Your instructions: In the data below, the answer is the run of lines from the line containing "The-Dark-City-of-Japan-Wallpaper-iPhone-Wallpaper - iPhone" through the line containing "ArtStation - Human", both included; print it exactly and nothing else.

Data supplied:
--- START ---

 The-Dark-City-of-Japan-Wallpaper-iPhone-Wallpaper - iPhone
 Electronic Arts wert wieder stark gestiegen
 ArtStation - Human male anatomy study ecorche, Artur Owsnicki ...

--- END ---
--- START ---

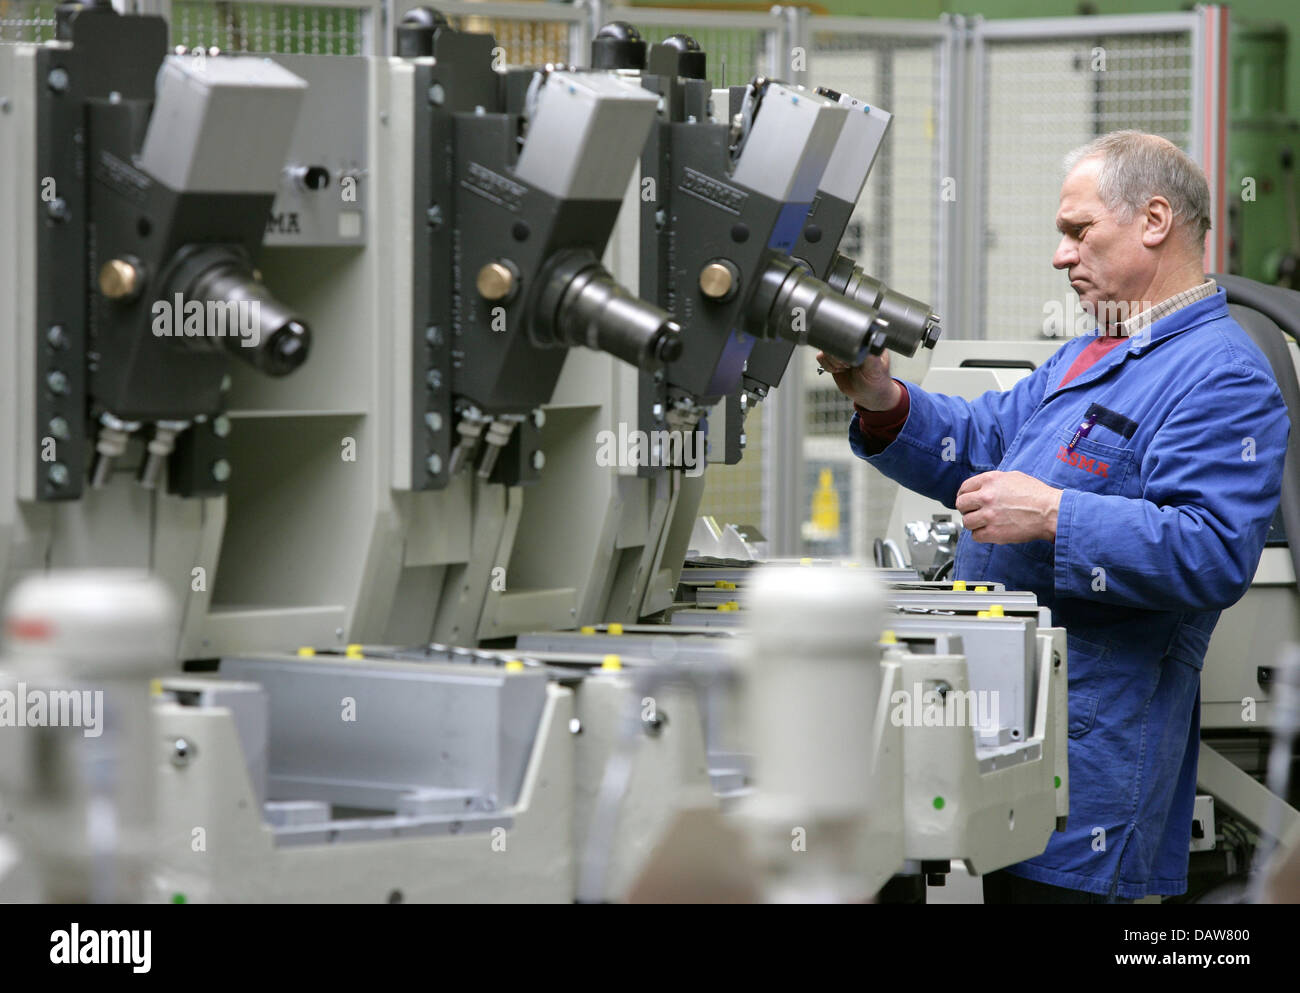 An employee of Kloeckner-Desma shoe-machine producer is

--- END ---
--- START ---

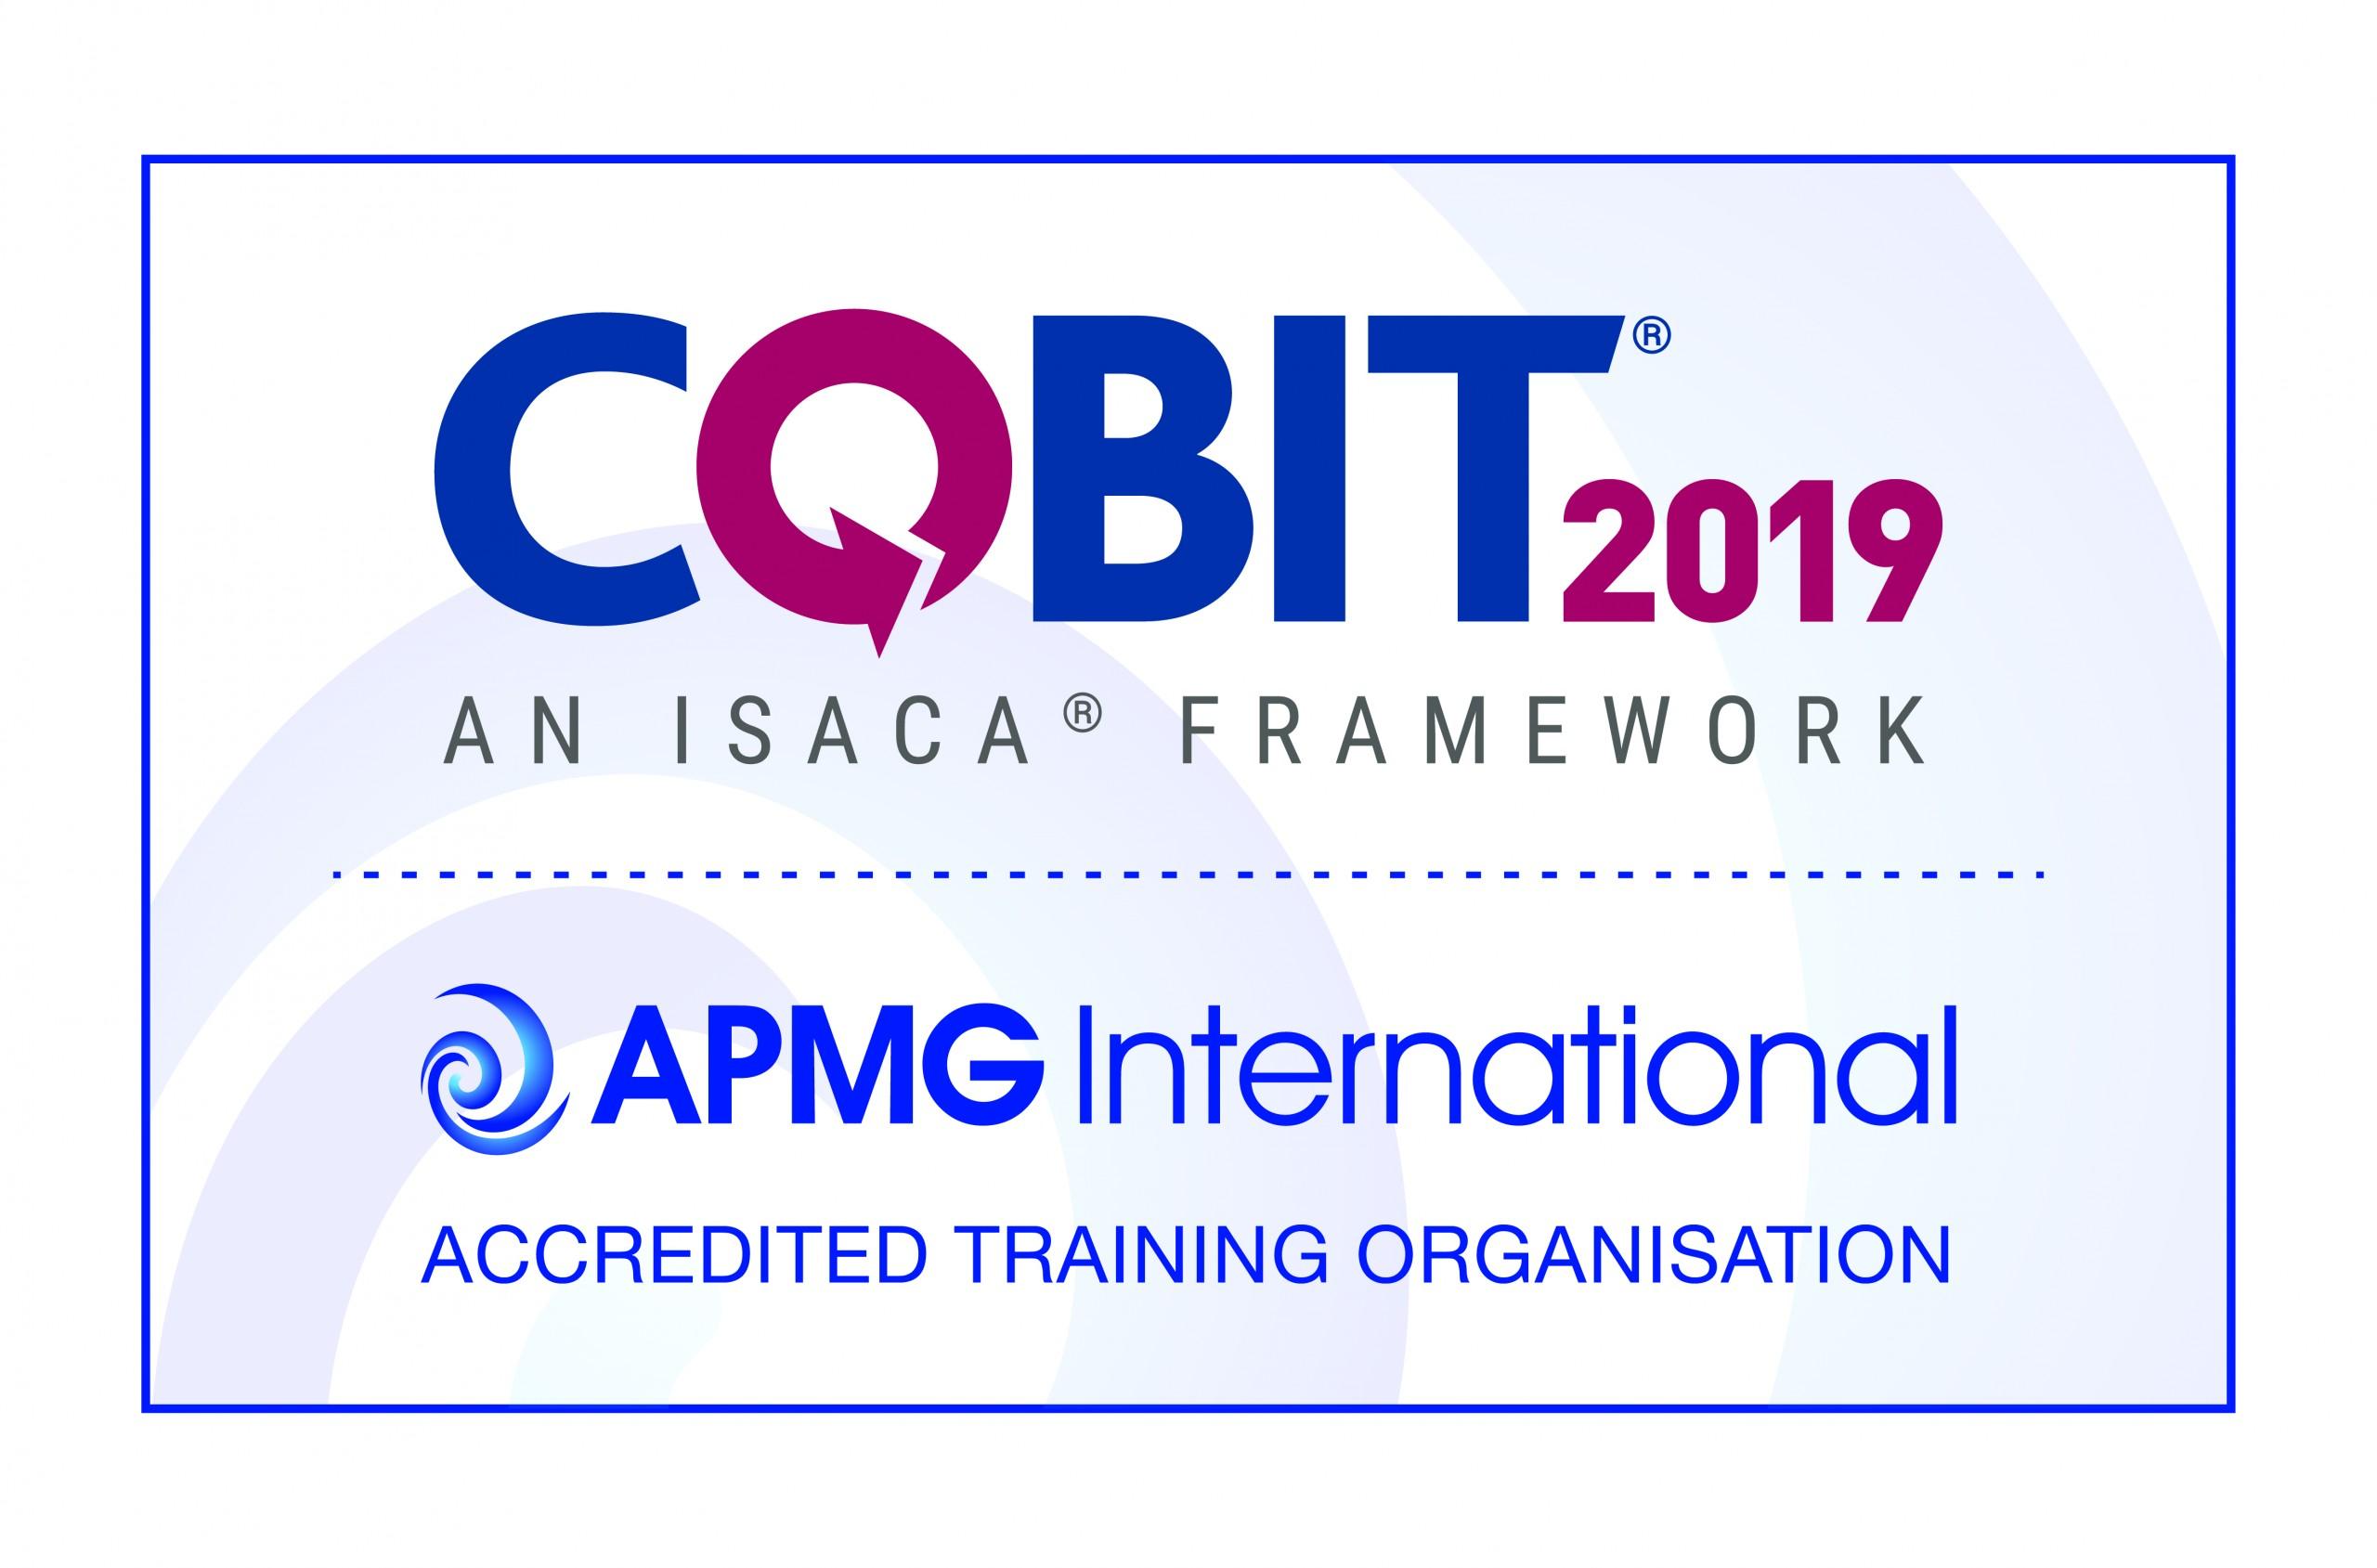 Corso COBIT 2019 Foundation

--- END ---

Task solution:
 The-Dark-City-of-Japan-Wallpaper-iPhone-Wallpaper - iPhone
 Electronic Arts wert wieder stark gestiegen
 ArtStation - Human male anatomy study ecorche, Artur Owsnicki ...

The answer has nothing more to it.